My baby. After 41 years, he’s still taking me places.

Paris – 6th Blog, La Rotonde

Tuesday, our 3rd day in Paris, Part 3

I’m almost tearfully grateful when Mike tells me, as we leave Place Saint-Michel, that we don’t have to walk to La Rotonde on Boulevard du Montparnasse for lunch, but can hop the Metro.  Euphoria!  We have walked miles today and I am more than ready to sit down. My legs and feet are wailing uncontrollably, “what are you DOING to me?? Stop it this instant!”  With his handy app, Mike knows right where the Metro is and which line we need to take to glide over a couple of arrondissements.  I feel so safe with him!  We walk down, down, and down the Metro steps and then up, up, and up again when we arrive at our stop.  Paris is one giant staircase, I swear!
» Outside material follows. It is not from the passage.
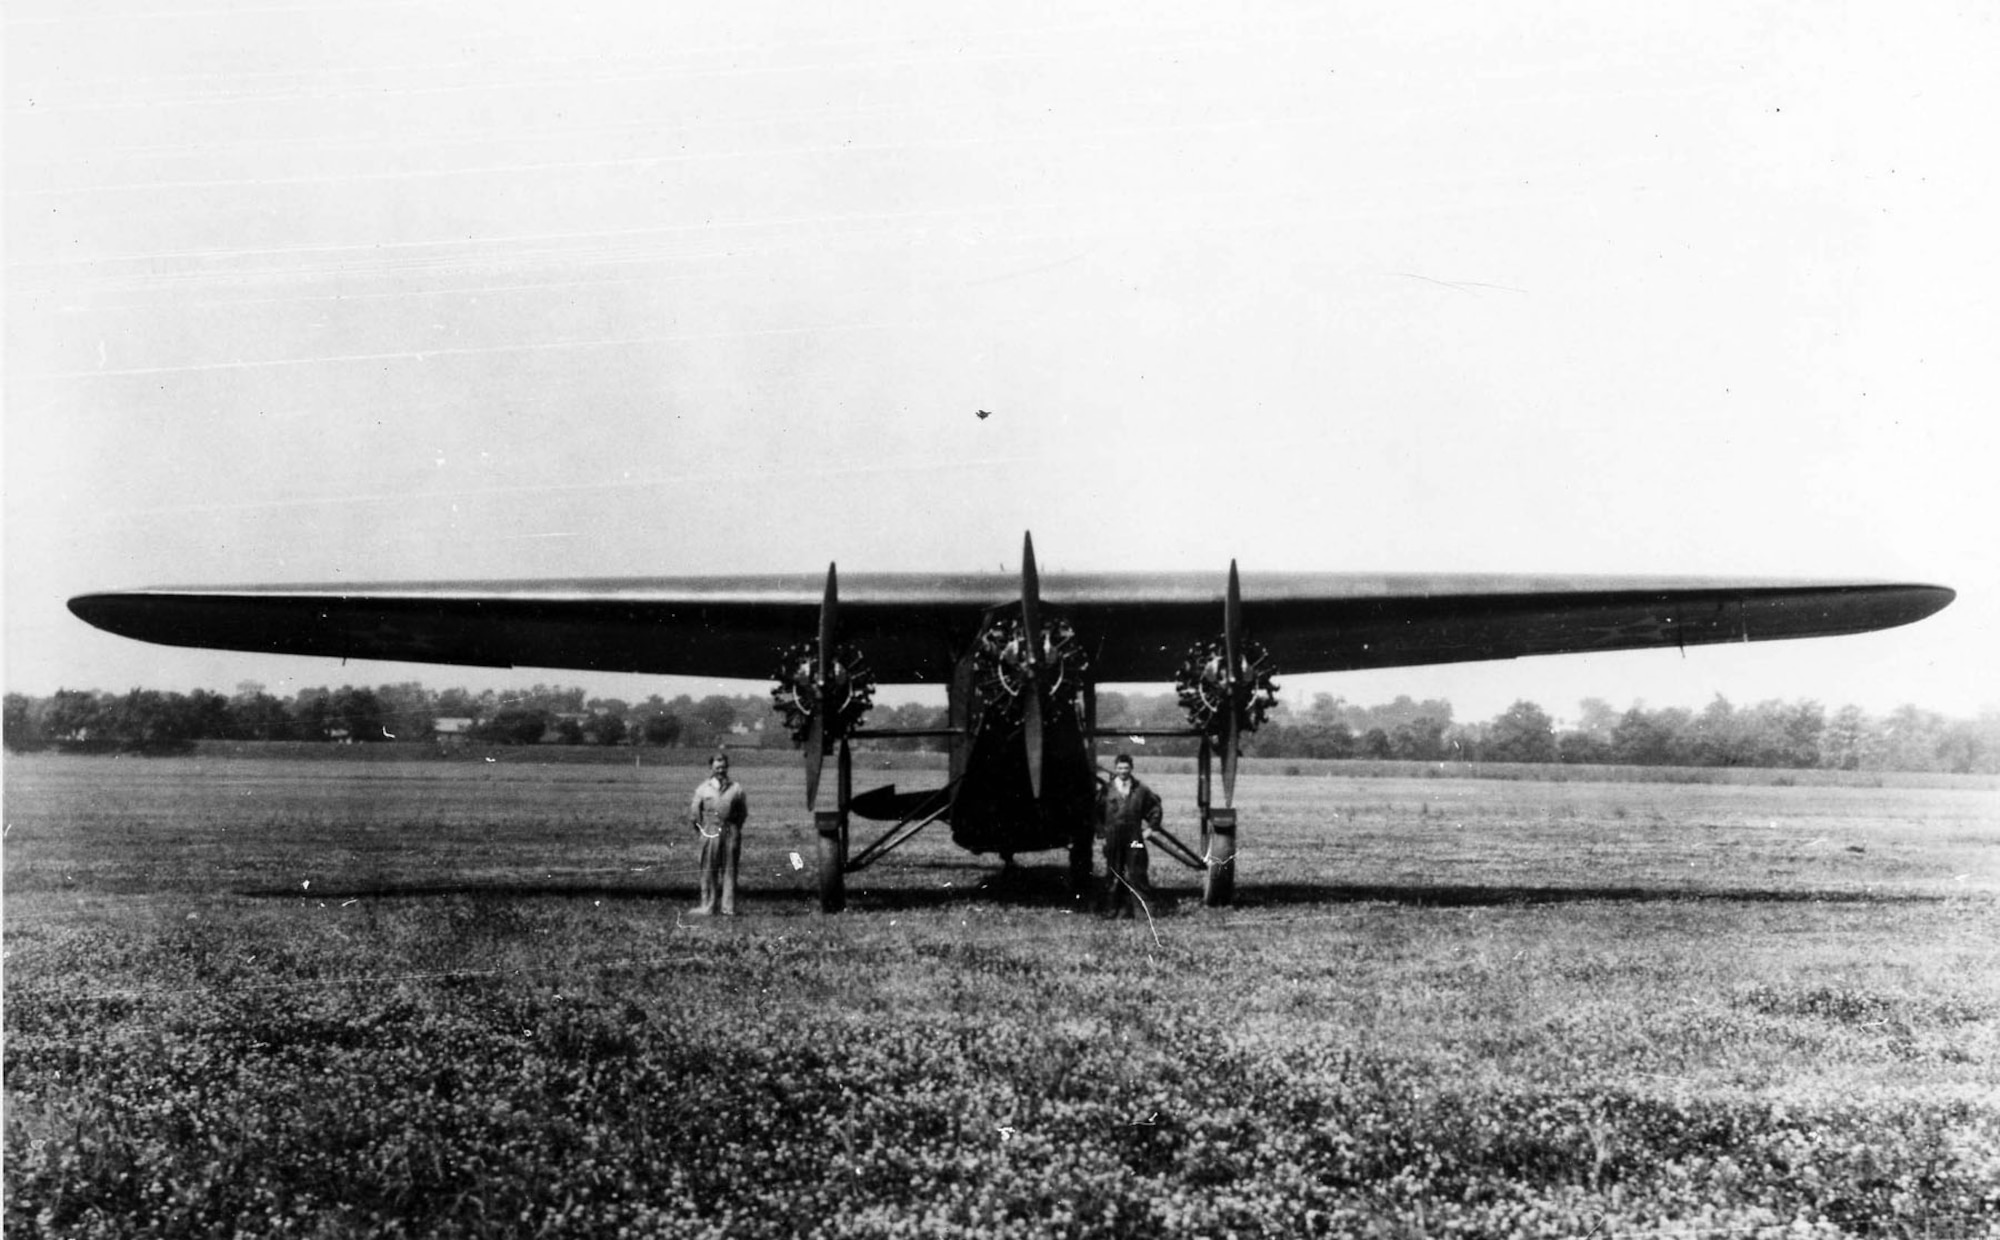 Atlantic-Fokker C-2 "Bird of Paradise" front view. (U.S. Air Force photo)

Mike has built this lunch up to me, has saved especially for it, and I am keenly excited about this culinary adventure.  A stone’s throw from theaters of the Rue de la Gaîté, La Rotonde has been the incarnation of the very essence of the Parisian brasserie for over a century.

In Hemingway’s The Sun Also Rises, the character Jake Barnes states, “No matter what café in Montparnasse you ask a taxi driver to bring you to from the right bank of the river, they always take you to the Rotonde.”

Here’s Mike seated at our table with a tablecloth for lunch, while other customers enjoy a mid-day stop at bare tables for a café, bière, Cognac, or une verre de vin.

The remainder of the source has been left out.